Haroldo Ceravolo Sereza solta a ‘Rataria’ nessa sexta no Bixiga

0
447

Na trilha de uma antiga tradição que teve Safo (570 a.C.) como uma das pioneiras, caminho depois cimentado por Marcial (40 d.C.-104 d.C.), Gregório de Matos Guerra (1636-1696), Bocage (1765-1805), Glauco Mattoso e vários outros de culturas e sarcasmo diversos, o escritor, jornalista, crítico literário, editor (e agora poeta) Haroldo Ceravolo Sereza lança nesta sexta-feira, 28 de março, em São Paulo, o livro de poemas satíricos Rataria – 64 poemas para Gorilas de Bolso.

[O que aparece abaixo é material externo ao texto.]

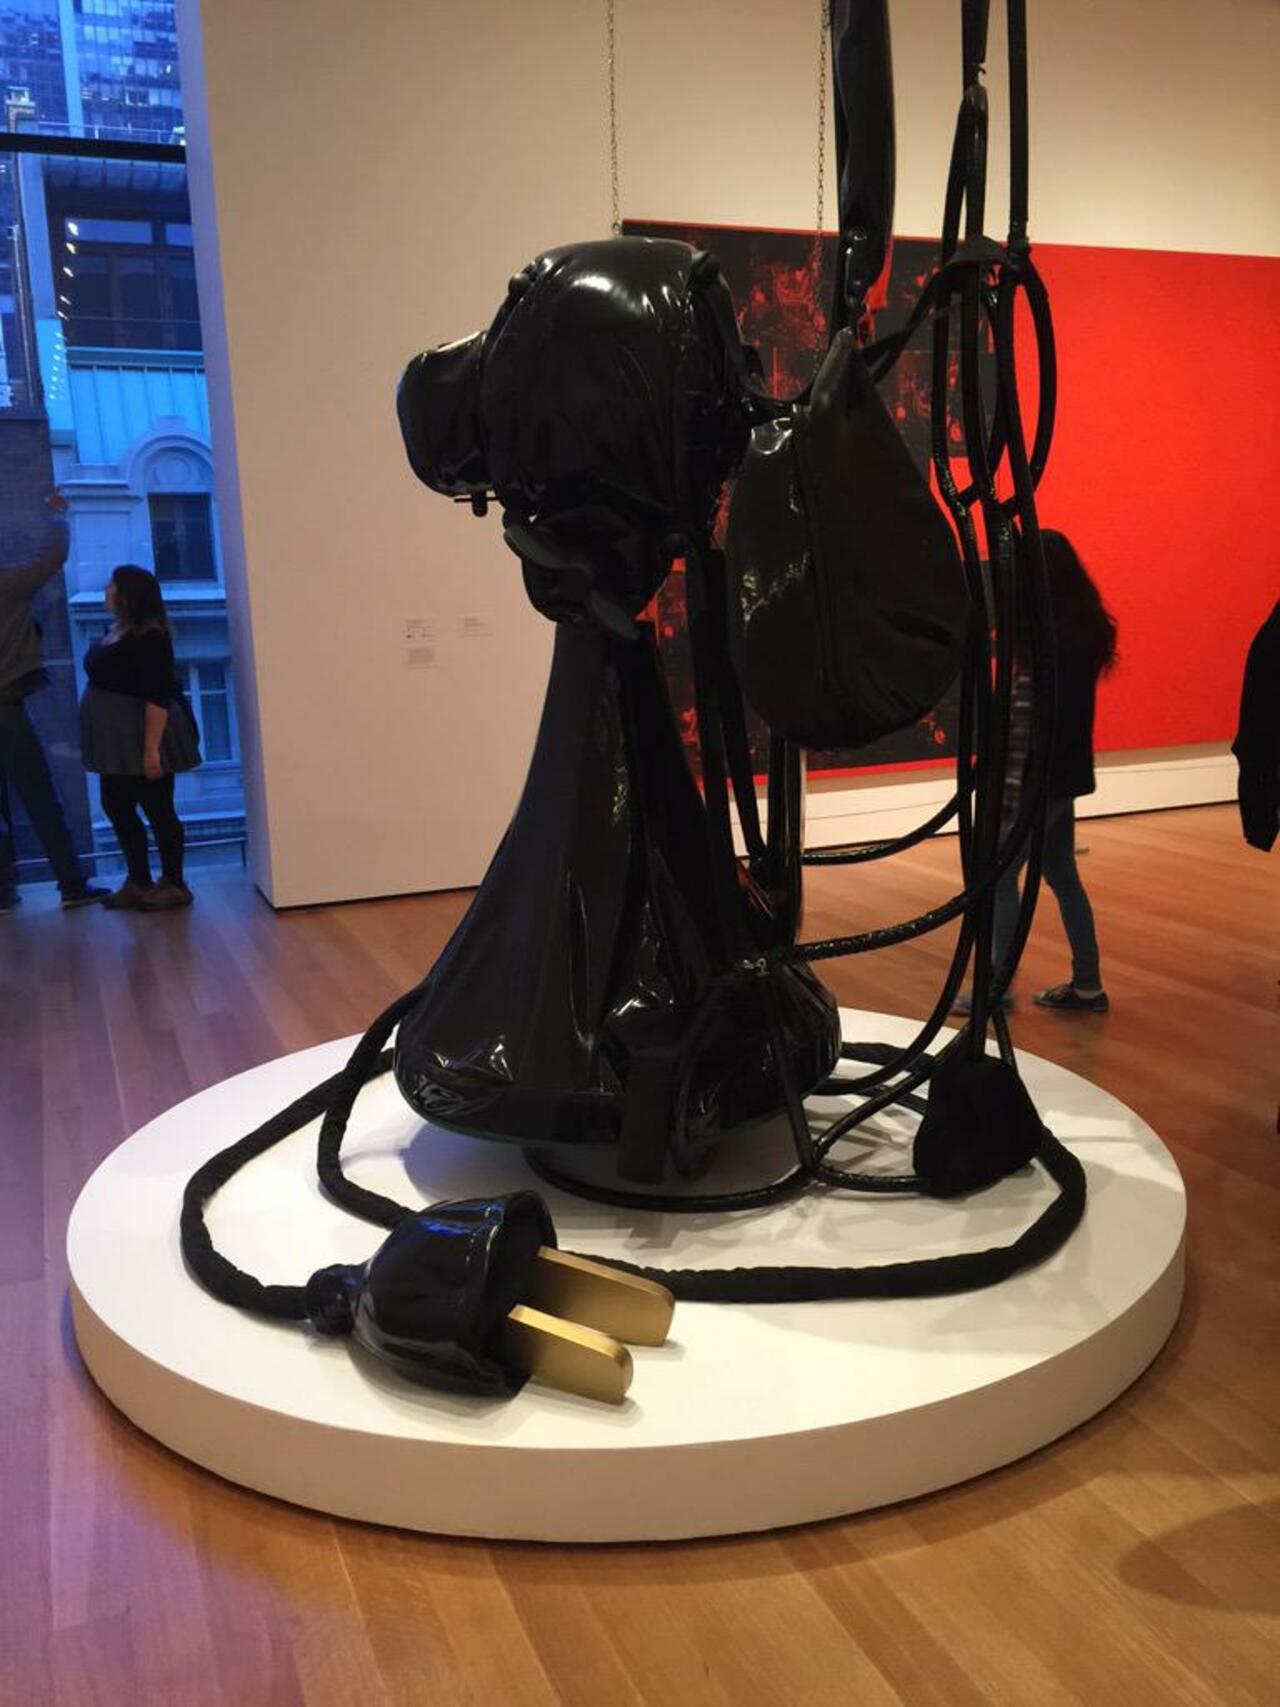 #arts #MoMA http://t.co/2CXm8hvoJY

Será na Livraria da Alameda (Rua Treze de Maio, 353, Bixiga, São Paulo).

Rataria é uma sucessão de “kamiquase haicais” que o autor começou a escrever há 6 anos, quando assumiu o governo o agora réu por tentativa de golpe de Estado Jair Bolsonaro. A sensação era de casa tomada, a mediocridade tinha perdido a modéstia e os fascistas estavam no cio. Ante o ambiente carregado e a tragédia que se anunciava, o escritor refugiou-se no formato exíguo do texto cadenciado e na ironia e humor para equilibrar suas chacras (e, principalmente, como uma estratégia de resistência): “Para cada cagada/Uma macacada”. Por isso, o lançamento do livro, coincidindo com o naufrágio judicial daquela corrente que tinha tomado o poder, virou prenúncio de uma grande festa nesta sexta.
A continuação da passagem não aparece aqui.